# Air flo spreader clutch?



## rwatkins (Nov 3, 2008)

I am reworking an air flo v box, with b&s engine. I got everything working other than the clutch. Problem is the bottom half with the wires goin in it. I dont really know much about it. If you try and spin it it only moves each way till it hits the bolts sticking down from the plate. I figure its stuck together somewhere but i dont know what parts should move and not move. It the bolts werent there the whole thing will spin and rip the wires off. The clutch works electricly but something is just frozen in the bottom drum. Can some one shed some light on what parts should move on the bottom half of the clutch?
Second thing is the control panel. How should that get power? Right now the only wire not hooked to anything are the + and - battery wires, and there is one single wire coming off the light switch. I hooked the batter cables up to a battery but nothing worked on the panel. Does the panel need a 12v hot to it somewhere for triggering the selonids? Any help is appreciated.
Rob


----------



## snowandgo (Oct 26, 2008)

The bottom part of the clutch should never spin, if I understand you right. Those bolts keep it from spinning, which transfers the power to the output shaft. Also, to test the clutch, just hook up power + and - to the two wires on the clutch. It doesn't matter which way.

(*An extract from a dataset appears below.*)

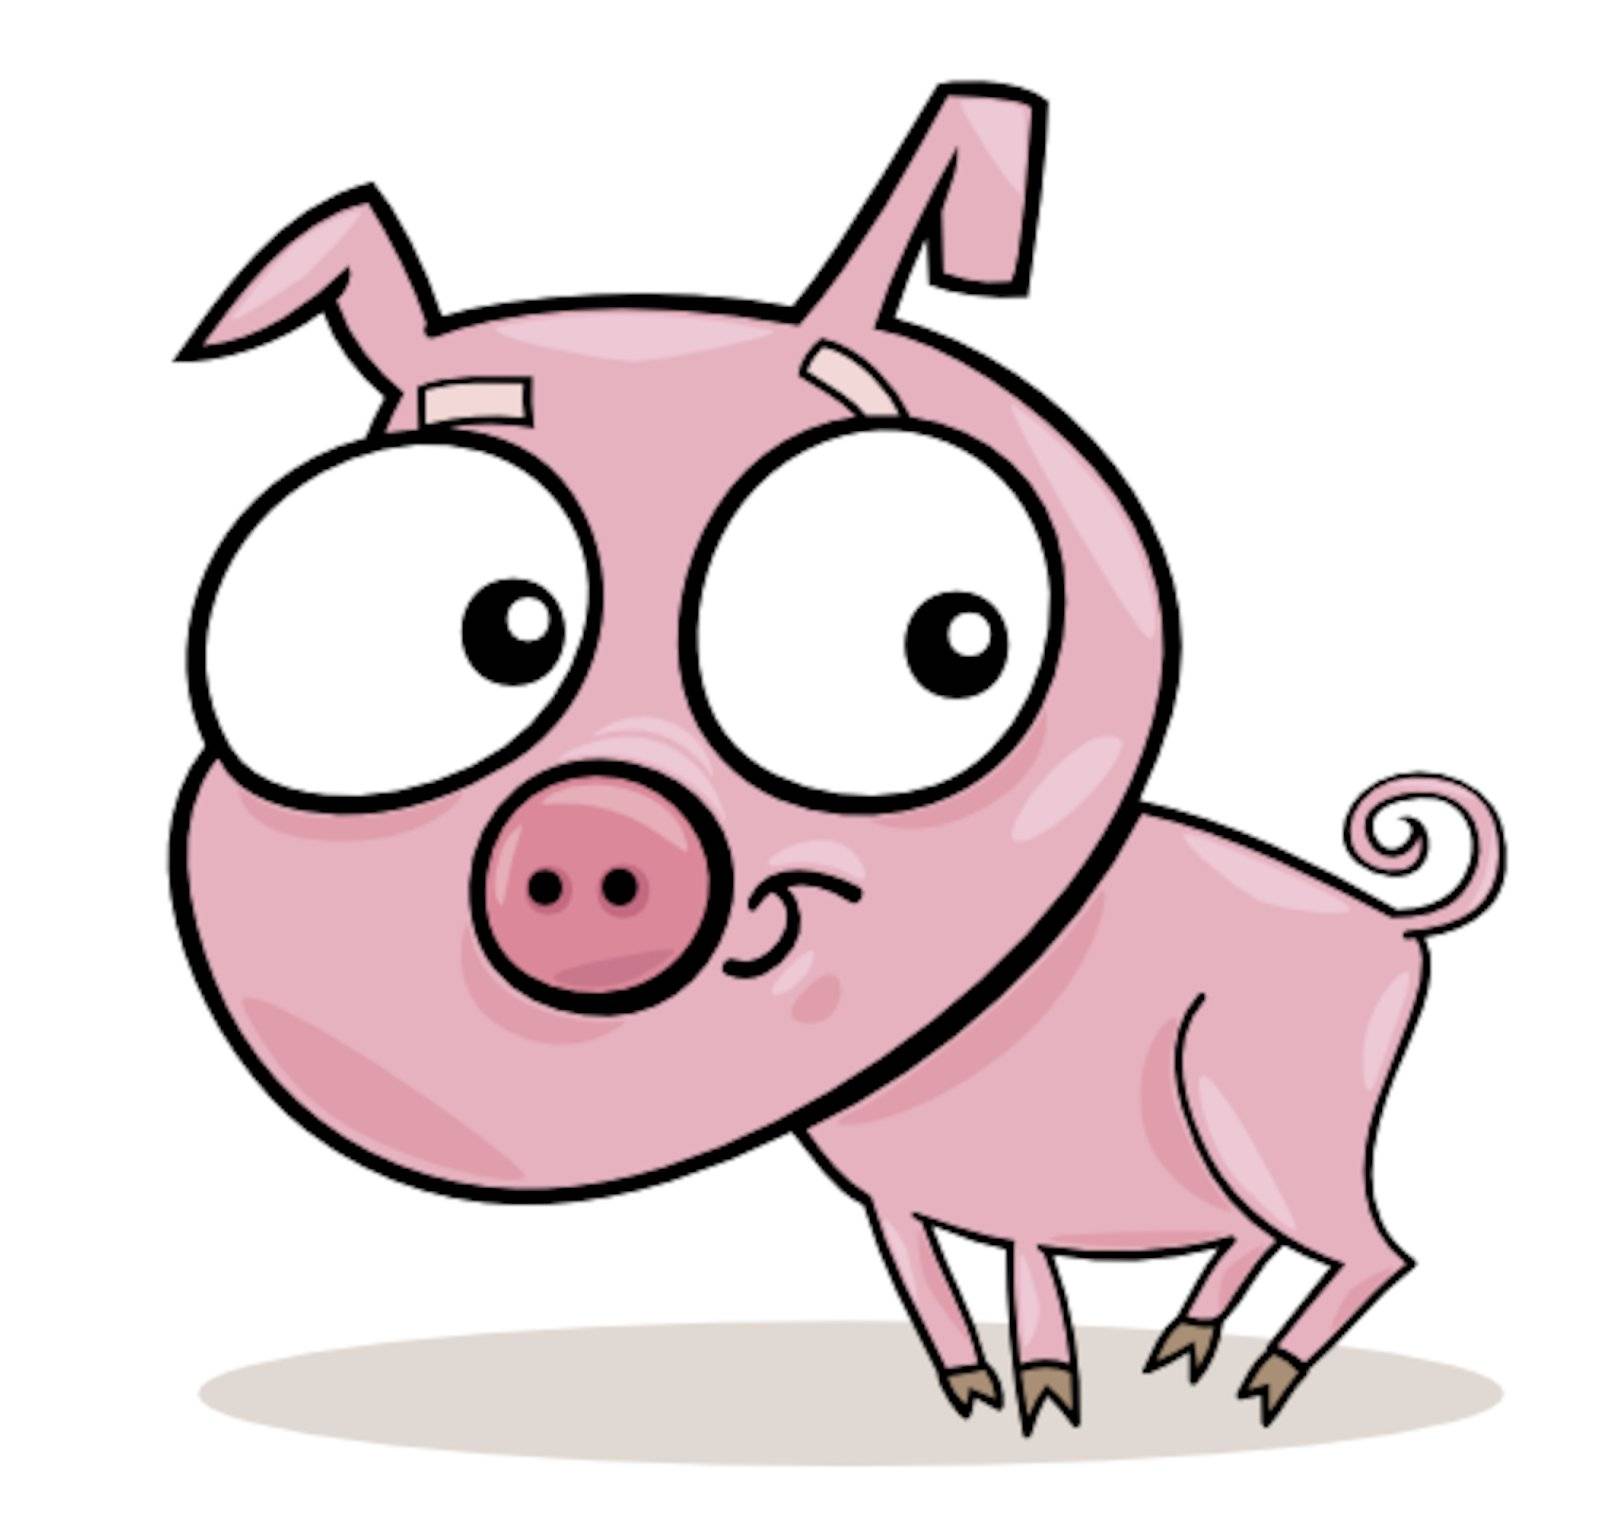 cartoon illustration of cute little piggy

For the control panel to work, the spreader has to be grounded to the same battery.

The control panel should be powered by a circuit that is only on with your key, so you don't accidentally leave the clutch or something on, killing the battery.

Hope this helps.


----------



## rwatkins (Nov 3, 2008)

The clutch engauges when power is put to it. But when the clutch is engauged or not the bottom wants to spin with the shaft but the bolts stop it. What i mean is i cant spin the spreader because something in the bottom half of the slutch is frozen from rust. I had the motor running slow and if i engauged the clutch it would stall it and bend the bolts on that bottom clutch plate. I figured the wiring out.


----------



## BM'S PLOWING (May 11, 2008)

From what you are describing it sounds like the shaft to the spinner is seized. Have you put a pipe wrench on the spinner shaft to see if you can get it to turn with the clutch engaged and disengaged? Also try taking the chain off from the engine to the shaft with the clutch and then turn the shafts with a pipe wrench to see what is seized. Other wise a new clutch will run about $250.00. Good luck.ussmileyflag

BM'S PLOWING
2005 F-250 W/ 8 1/2 FISHER HD
MODIFIED REAR SUSPENSION
2 YARD HENDERSON SANDER
HONDA HS-80 TRACK SNOWBLOWER
TORO SINGLE STAGE BLOWER


----------



## scoopdog (Jan 7, 2008)

i can save you some money on that clutch call chad 513-678-1597 i am an airflo dealer


----------



## snowandgo (Oct 26, 2008)

sounds like a spinner or gearbox problem. Clutch is working.


----------



## rwatkins (Nov 3, 2008)

Well last nite i decided to take the 8lb sledge and give it some wacks, after a few beers. It freed up and works great. Now we need some snow and well be in good shape.


----------